The aftermath can be exciting, full of butterflies in your stomach; it can also be the worst – Why haven’t they text me? You have to realistically ask yourself what the date was like; if your anxiety is exacerbated then you have to judge whether this person is right for you. A natural, mutual like will lead somewhere – they will be as in to it as you. I have had many a guy message me loads after a first date, maybe a second and third date and then NOTHING. When questioned if they wanted to see me again they said yeah, then NOTHING. Do I need this in my life? Do I even need this from people I’m not dating when I know my brain is sensitive? No.

Something didn’t work out recently and I haven’t been bothered, my head hasn’t even given it a second thought, and do you know why? Because the person was honest. 

In dating, it’s important to be honest with yourself too – is this person building you up or kicking you when you’re down? They can be the hardest to get over, the ones that do the latter. Those that manipulate, or string you along, or encourage you to live a lie where you thought they genuinely cared for you. They don’t deserve you. They feed on your anxiety and trust me you feed on that enough without someone else doing it too.

Have they been honest with you? If not, why? To cover up their guilt? To make you feel insecure? To lead you to a 6-year relationship or a second date? What’s the difference? You and your mental health deserve more.

My tips for the dating with anxiety:

  • Were you okay before you met someone? Yes. And you will continue to be okay I promise.
  • If he/she lets you down or it doesn’t work out. It’s NOT personal. It is no reflection on you or your personality, it’s a mismatch. Have you liked everyone you have ever met? I doubt it.
  • Don’t expect anything. Expect average. Anything better is a bonus and you can build on it.
  • Don’t do anything you don’t want to. If you feel so anxious you can’t go. Don’t go.
  • Anyone that judges you isn’t worth your time anyway.
  • You need someone to build you up not kick you down.
  • Life is so much more than dating.
  • Make your apologies and leave if you have to – don’t waste money and time.
  • No one is their ‘true self’ on a first date – they will be as nervous as you.

I have been on dates that have given me amazing stories to tell; I have been on dates that have left me sobbing in bed wondering what on earth is wrong me; I have been in long, serious relationships that have done exactly the same. But I see no difference in my strength to get back up and keep trying.

Know your worth. Someone should enhance your personality, make you laugh harder, make you proud to be who you are and not be dismissive of your anxieties. Whether you’re on a first date or a second or third or fourth or fifth you should be building your self-esteem and confidence every time. 

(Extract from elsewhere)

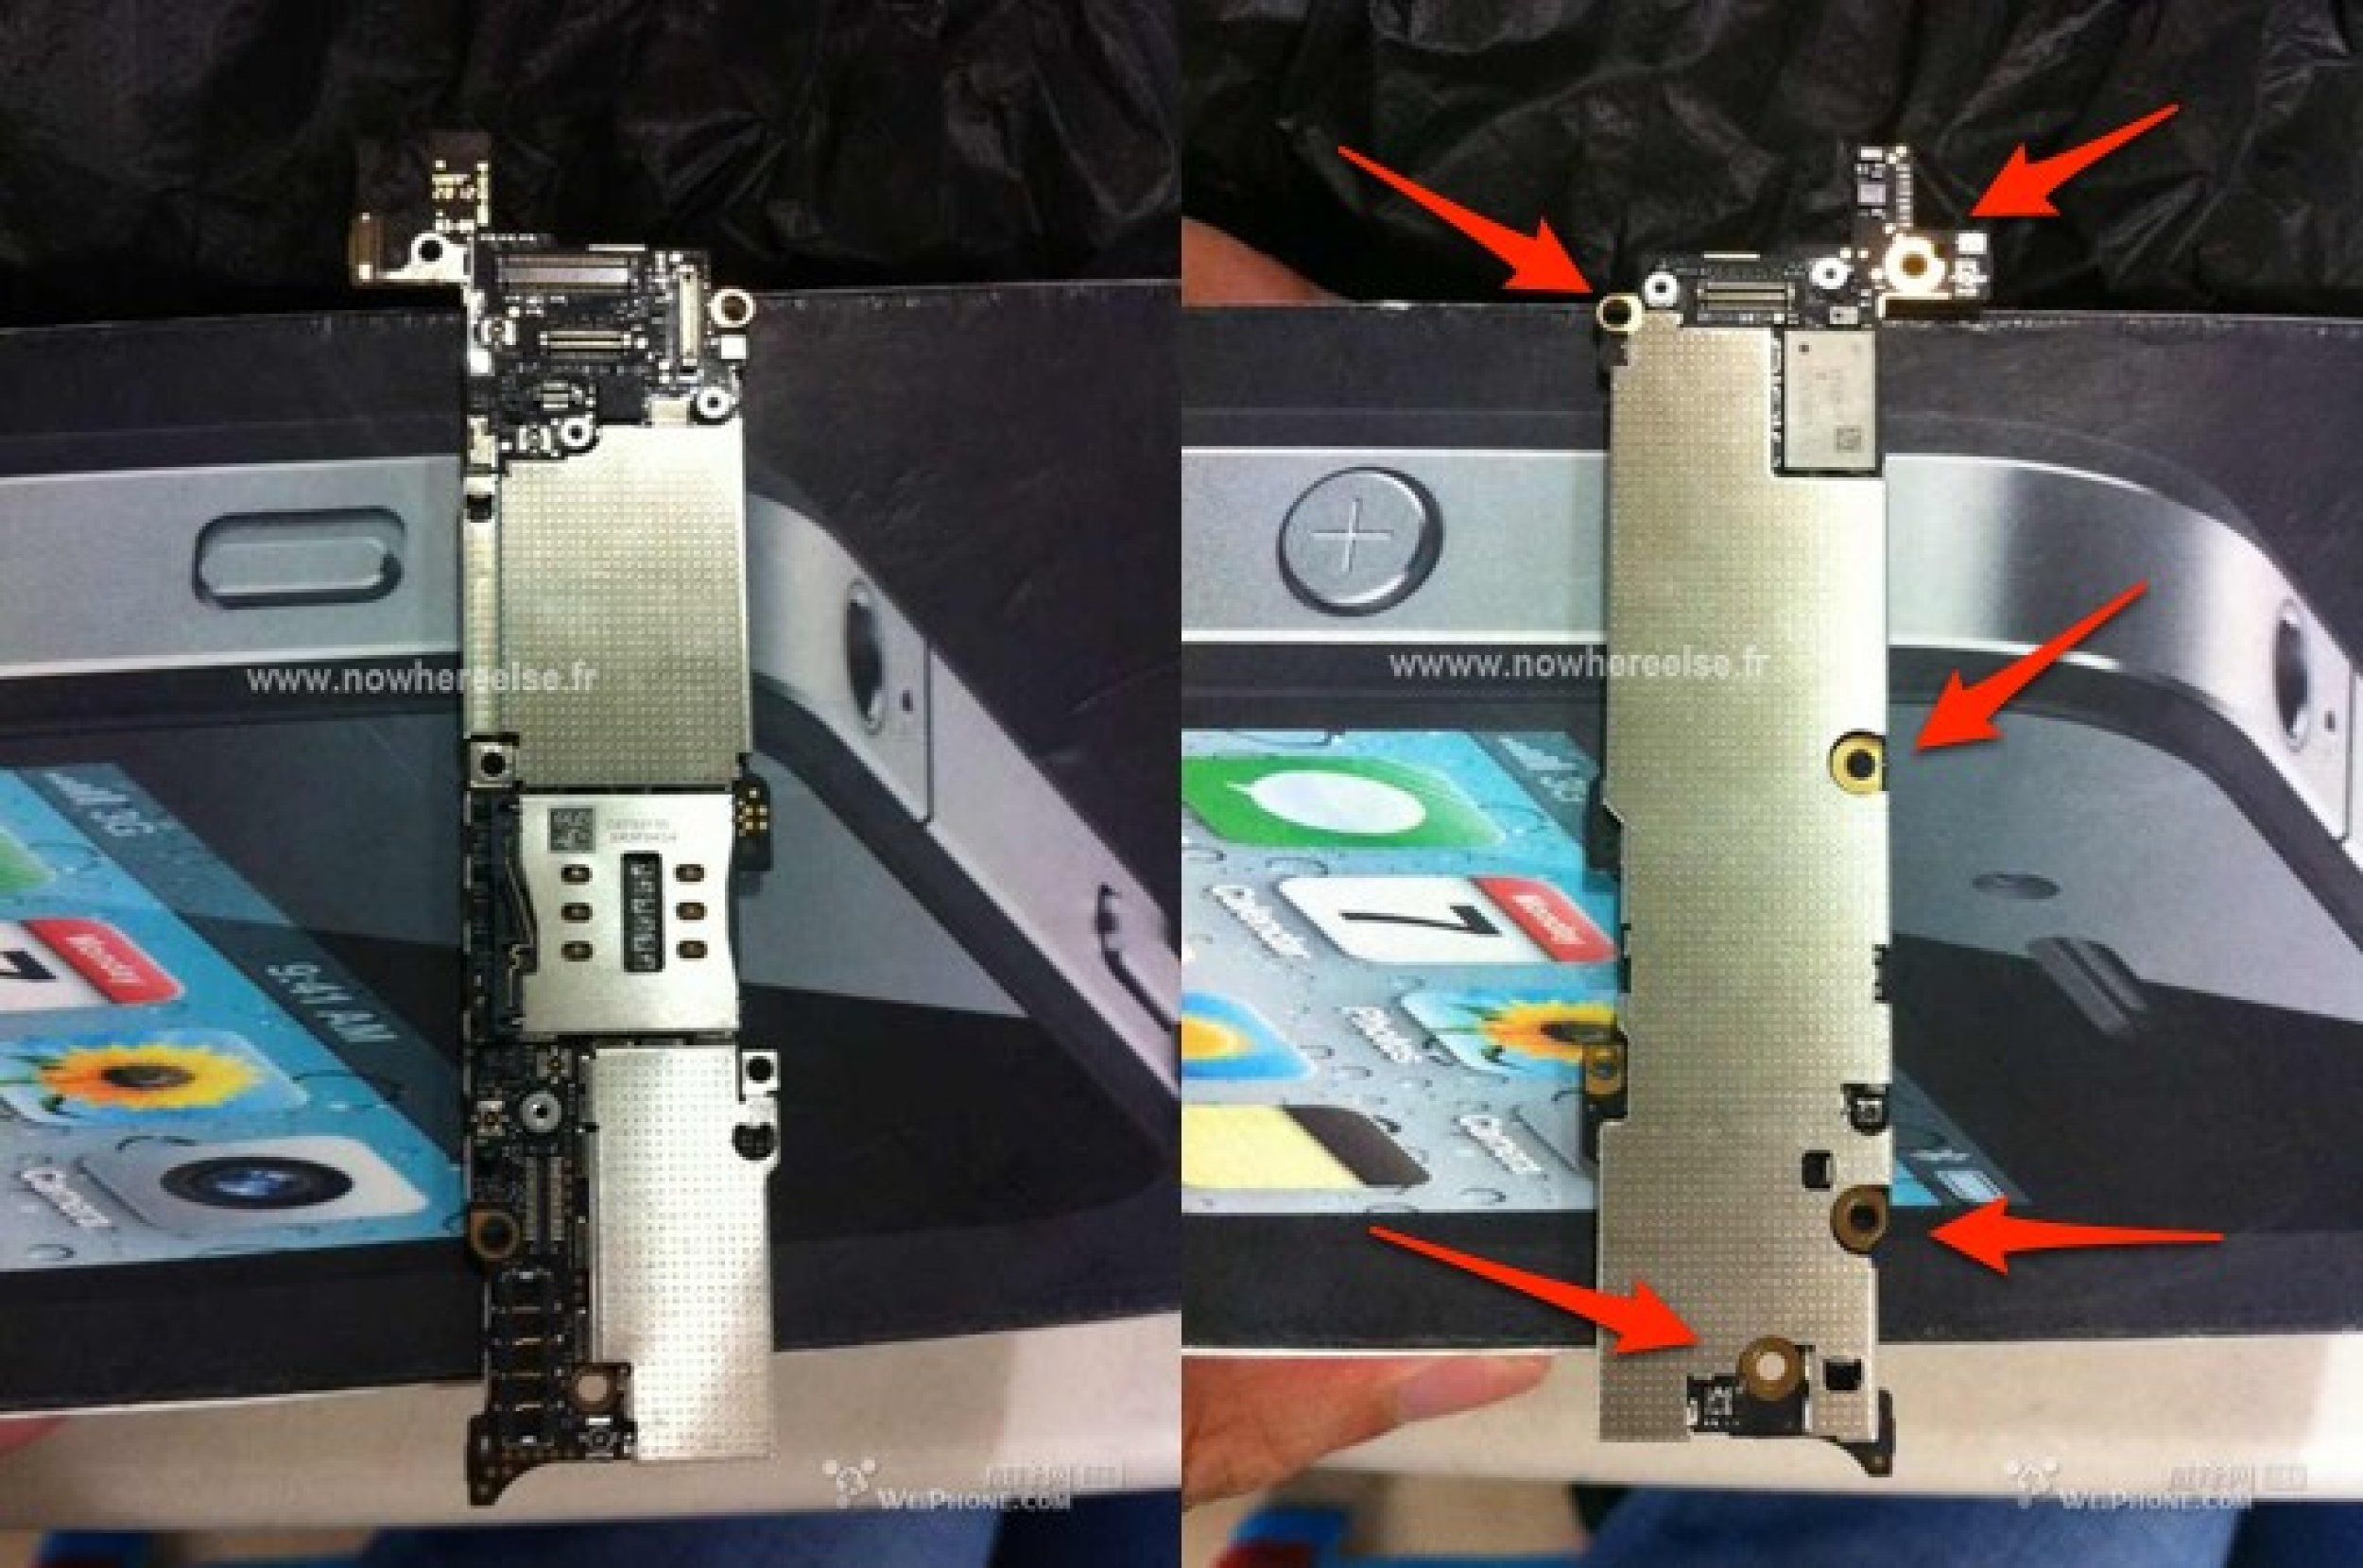 Apple iPhone 5 Features Leaked Logic Board Perfectly Fits Previous Specs Rumors, Components PICTURES

I have taken a break from dating for a little while now to work on myself – to try and be what I know I can be, to be the best version of myself for myself so I can be the worst version of myself around someone else and they will not put me down for it. I have cut people off who make me feel insecure, self-conscious and make me feel like I have to act different. Even if they want a second date and they made you feel like this – are they who you really need?

Dating should be fun. And if it’s not, maybe you need a little more time to work on yourself. And that is totally okay. Being with someone is bottom of my list of things that matter. I am shown love every day and when someone fits into my life they are more than welcome; but until then my anxiety is so much more important.